> Recorded data
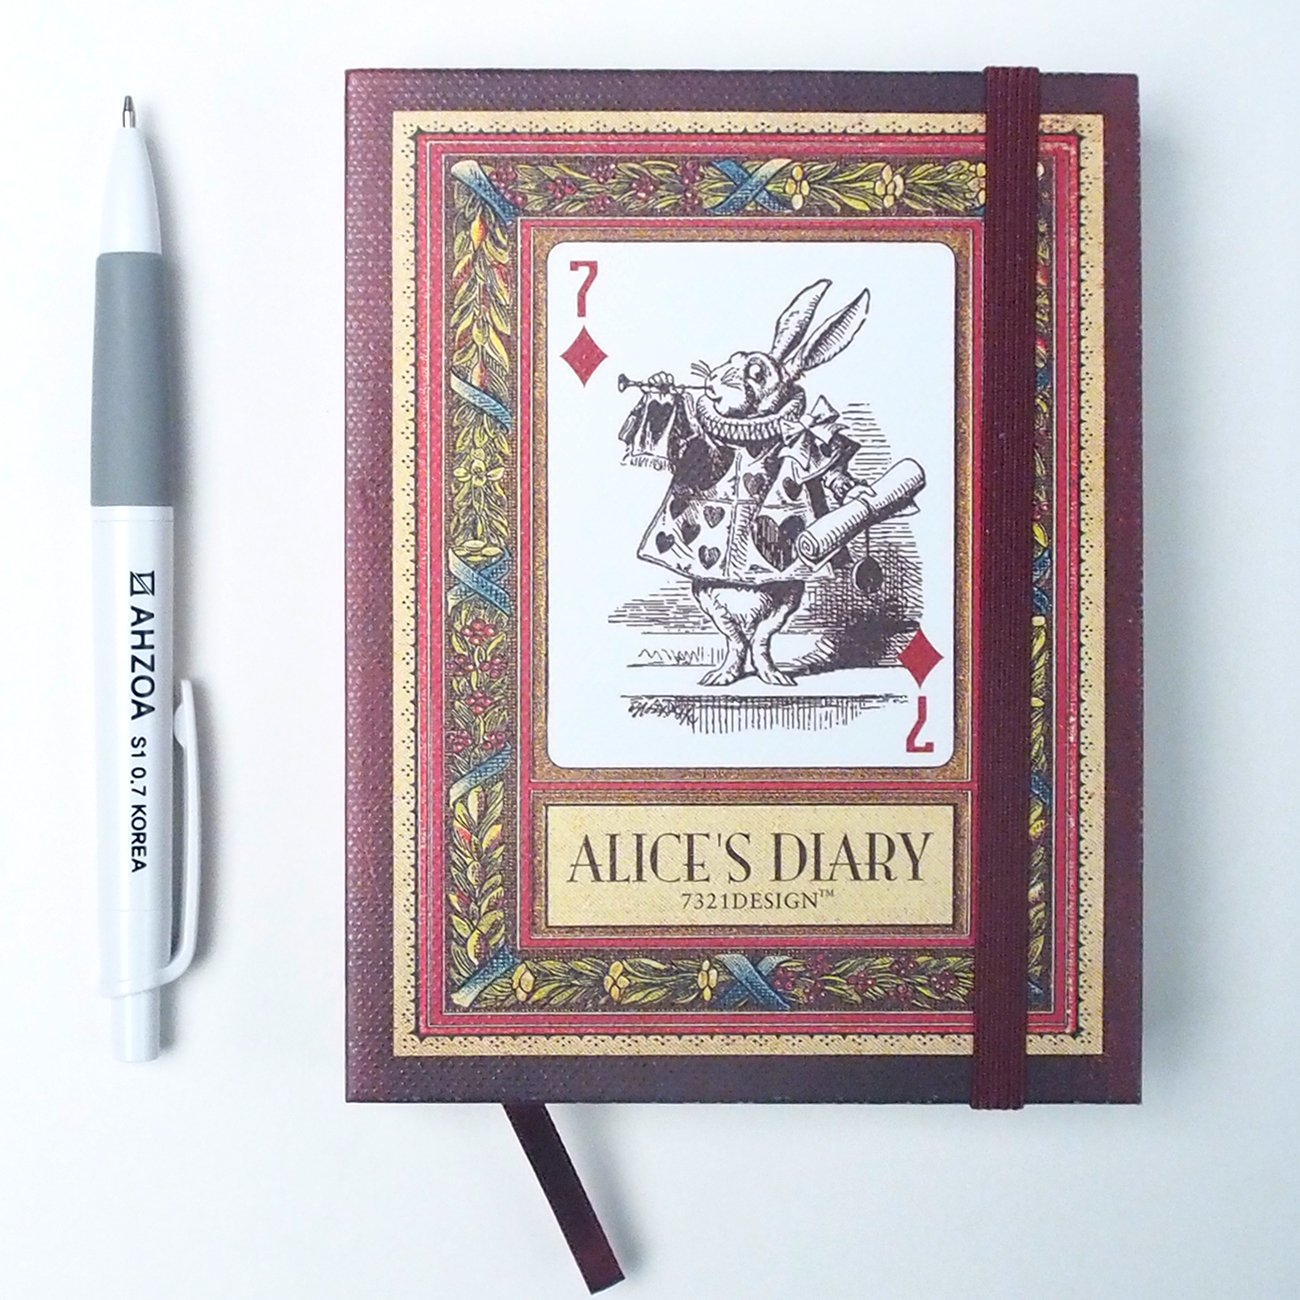 Amazon.com : Alices Diary with AHZOA Pencil, Undated ...
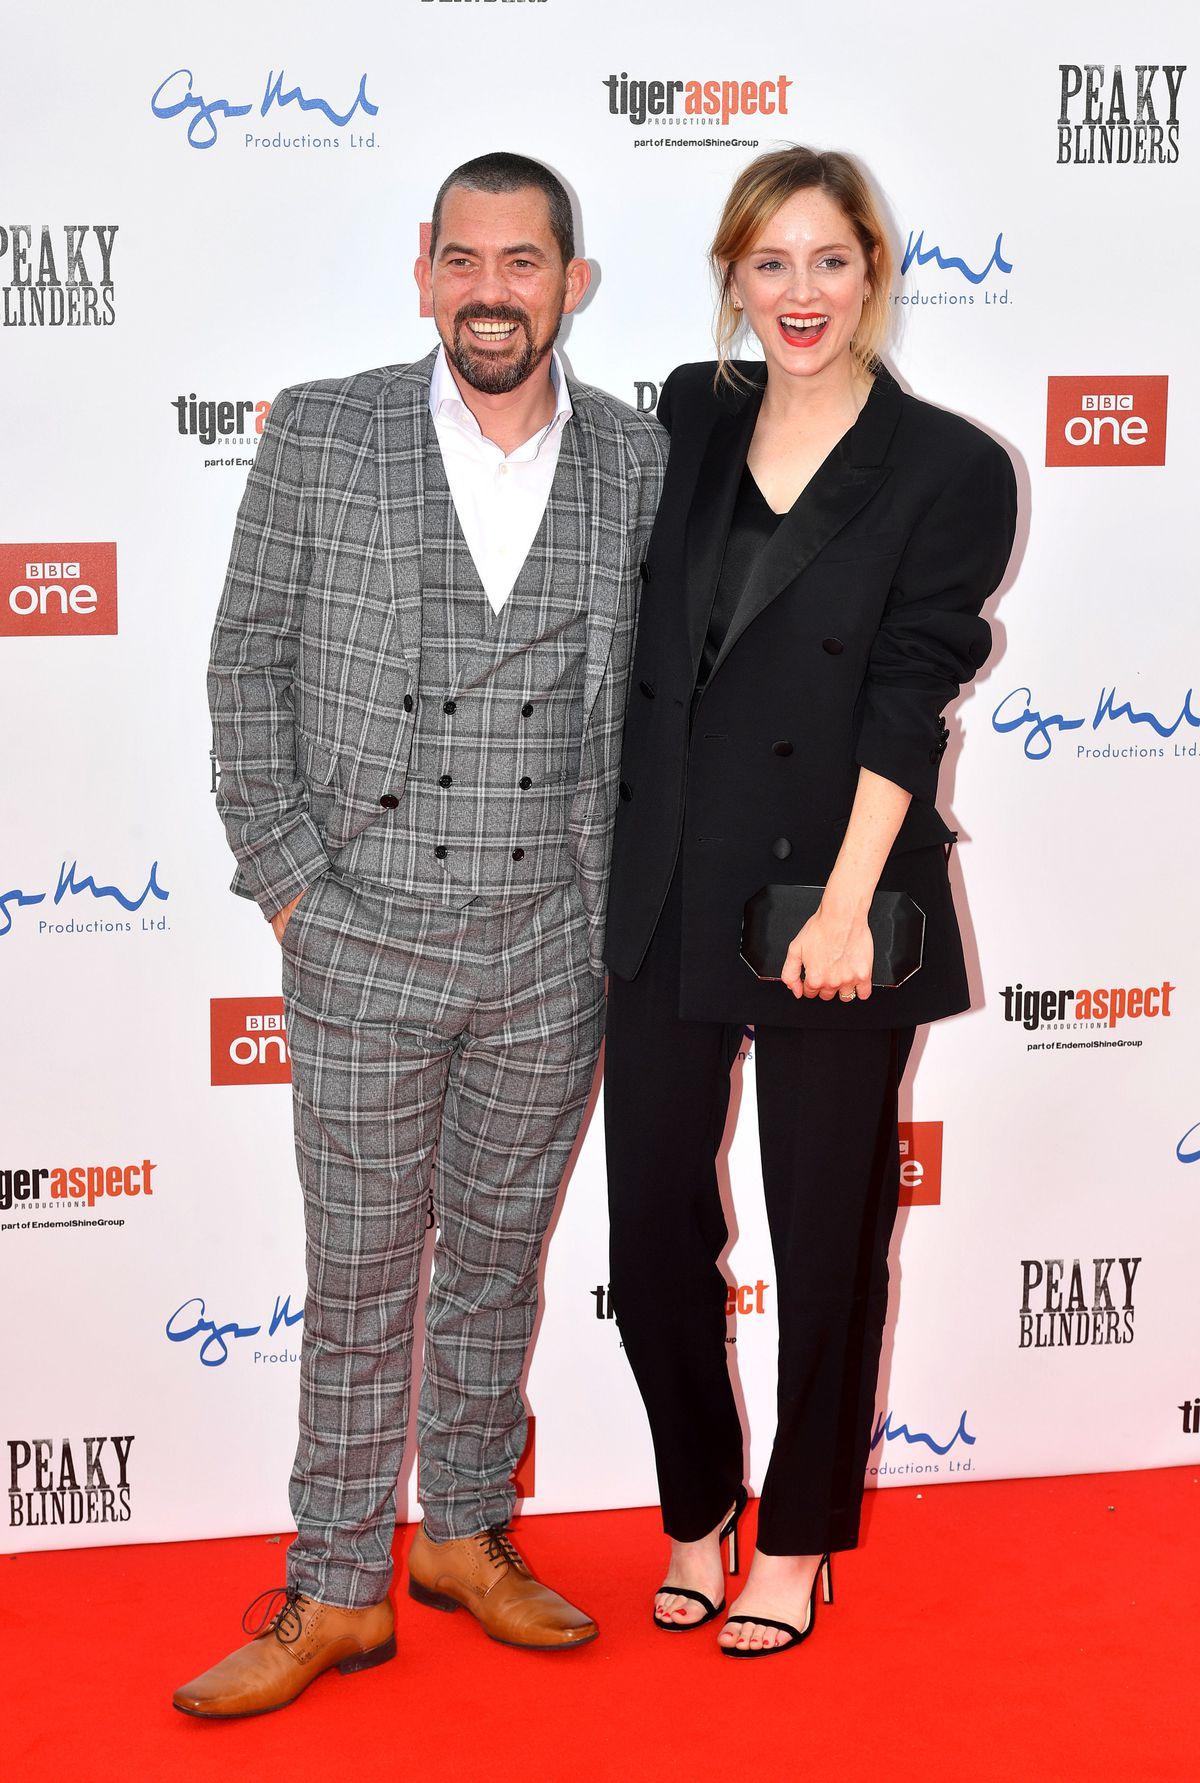 Packy Lee and Sophie Rundle attending the Peaky Blinders Series Five World Premiere held at Birmingham Town Hall
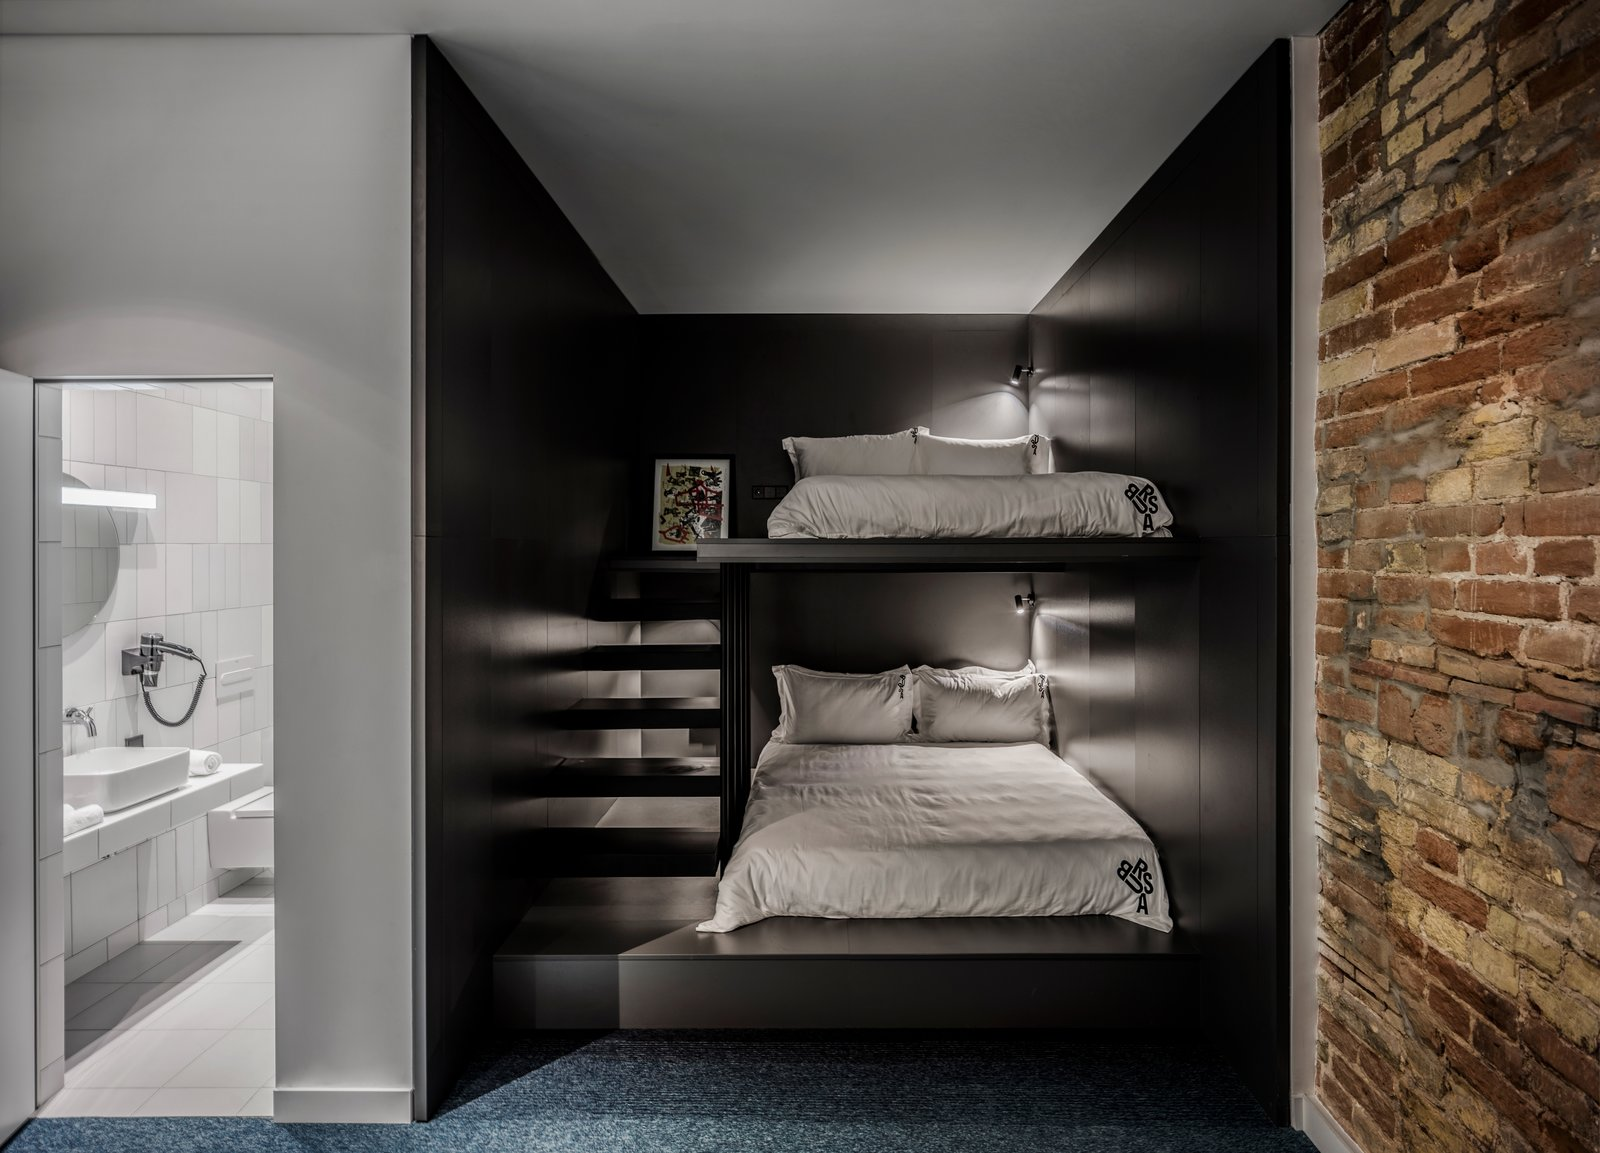 Bursa hotel guest suite with bunk beds
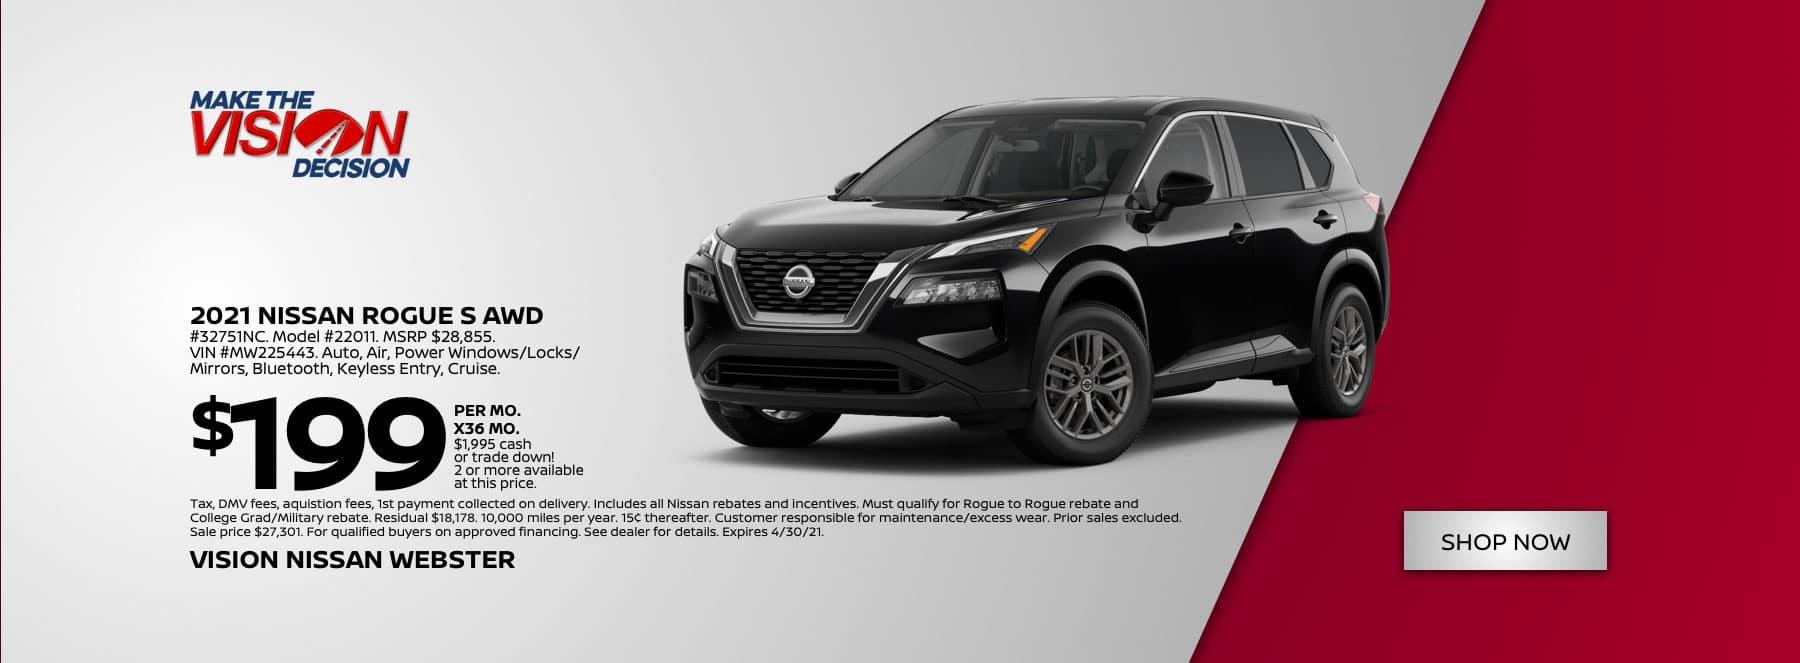 Vision-Nissan-Sliders-0305-Rogue-Web

> Task
From the line holding "Bursa hotel guest suite with bunk beds" to the final line of the data above, give each line again exactly, both ends included, and drop the pictures.

> Your solution
 Bursa hotel guest suite with bunk beds
 Vision-Nissan-Sliders-0305-Rogue-Web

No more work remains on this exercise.